A transformer block applies self-attention followed by a per-position feedforward network, with residual connections and layer normalization around each. Stack many blocks and you have the architecture that runs almost all of modern NLP, much of vision, and increasingly other modalities.
Block structure
The residual + LN pattern is essential — both for gradient flow and for the optimization landscape it creates.
Positional encoding
Self-attention is permutation-equivariant: shuffling the inputs shuffles the outputs identically. To inject sequence order, add (or otherwise mix in) positional encodings:
- Sinusoidal (original transformer): fixed sinusoidal functions of position at multiple frequencies.
- Learned absolute: per-position vectors trained alongside the model.
- Relative (T5, ALiBi): bias attention scores based on relative position. Generalizes better to longer sequences than learned absolutes.
- RoPE (LLaMA family): rotate query/key vectors by an angle that depends on position. Best generalization to longer contexts in practice.
Encoder, decoder, encoder-decoder
- Encoder-only (BERT): bidirectional attention. Used for understanding tasks — classification, NER, retrieval.
- Decoder-only (GPT family): causal attention (each position only sees previous positions). Used for generation. The standard for LLMs.
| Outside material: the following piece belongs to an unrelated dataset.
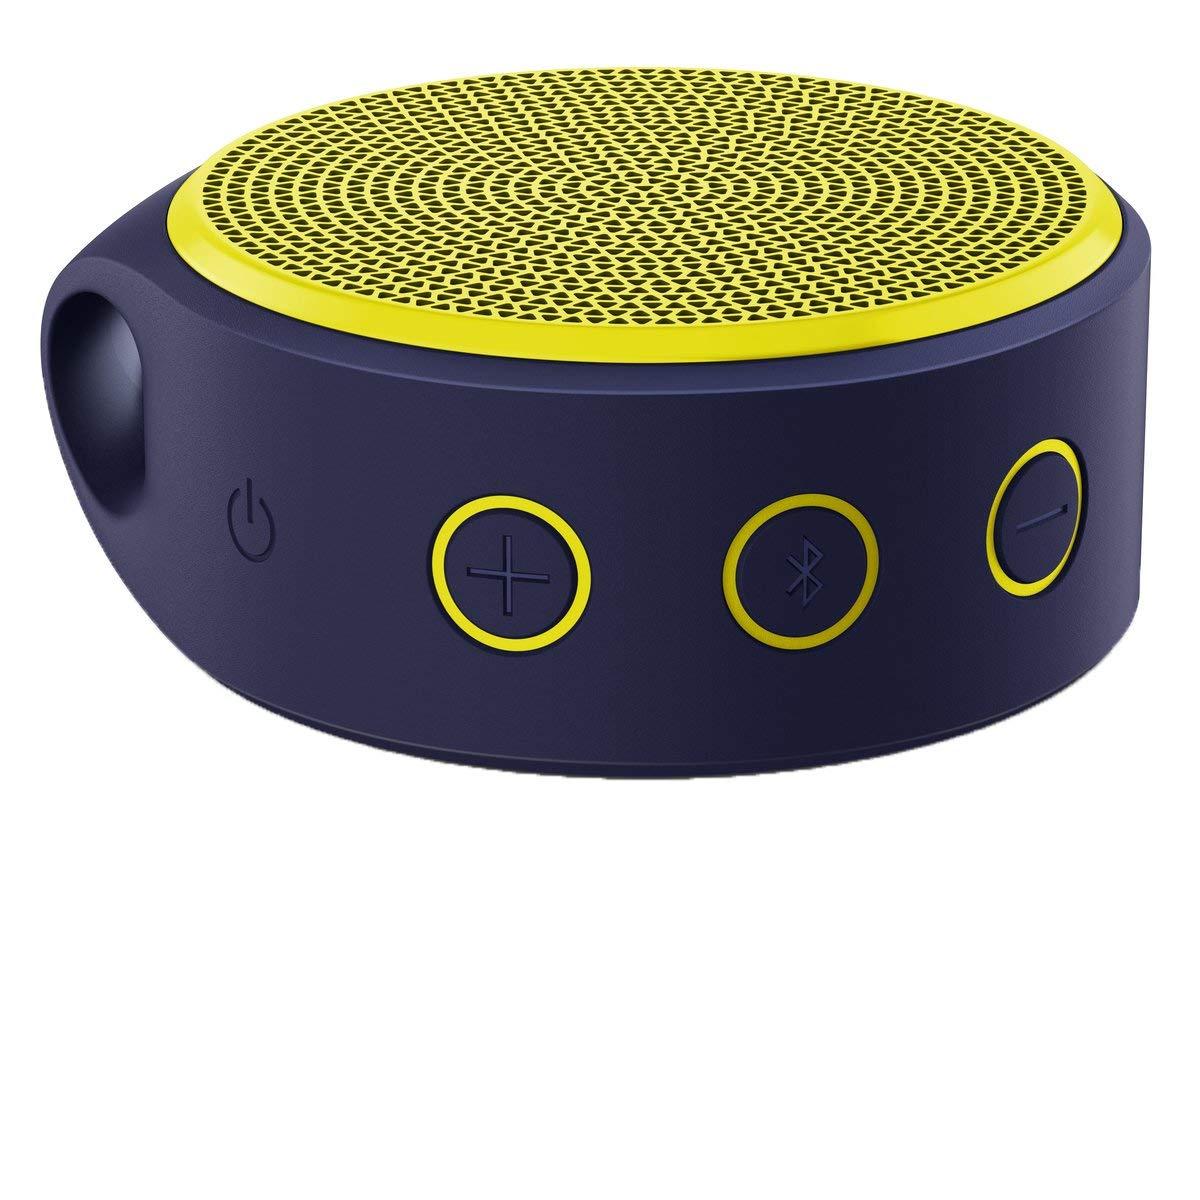 La mini enceinte Bluetooth Logitech X100

- Encoder-decoder (T5, original Transformer): encoder processes input, decoder generates output attending to both its own prefix and the encoder output. Used for translation, summarization.
Pre-LN vs Post-LN
The original paper put LN *after* the residual. Modern practice puts it *before*, inside the residual branch ("pre-LN"). Pre-LN trains more stably and reaches better minima at scale — most modern LLMs use it.
Why transformers won
- Parallelism: every position computed in parallel across the sequence; perfect fit for GPUs.
- Scaling: doubling parameters and data continues to improve performance reliably. Scaling laws (Hoffmann et al., Kaplan et al.) gave a recipe for spending compute well.
- Generality: same architecture handles text, code, images, audio, proteins, etc. The pretraining recipe is the new universal feature extractor.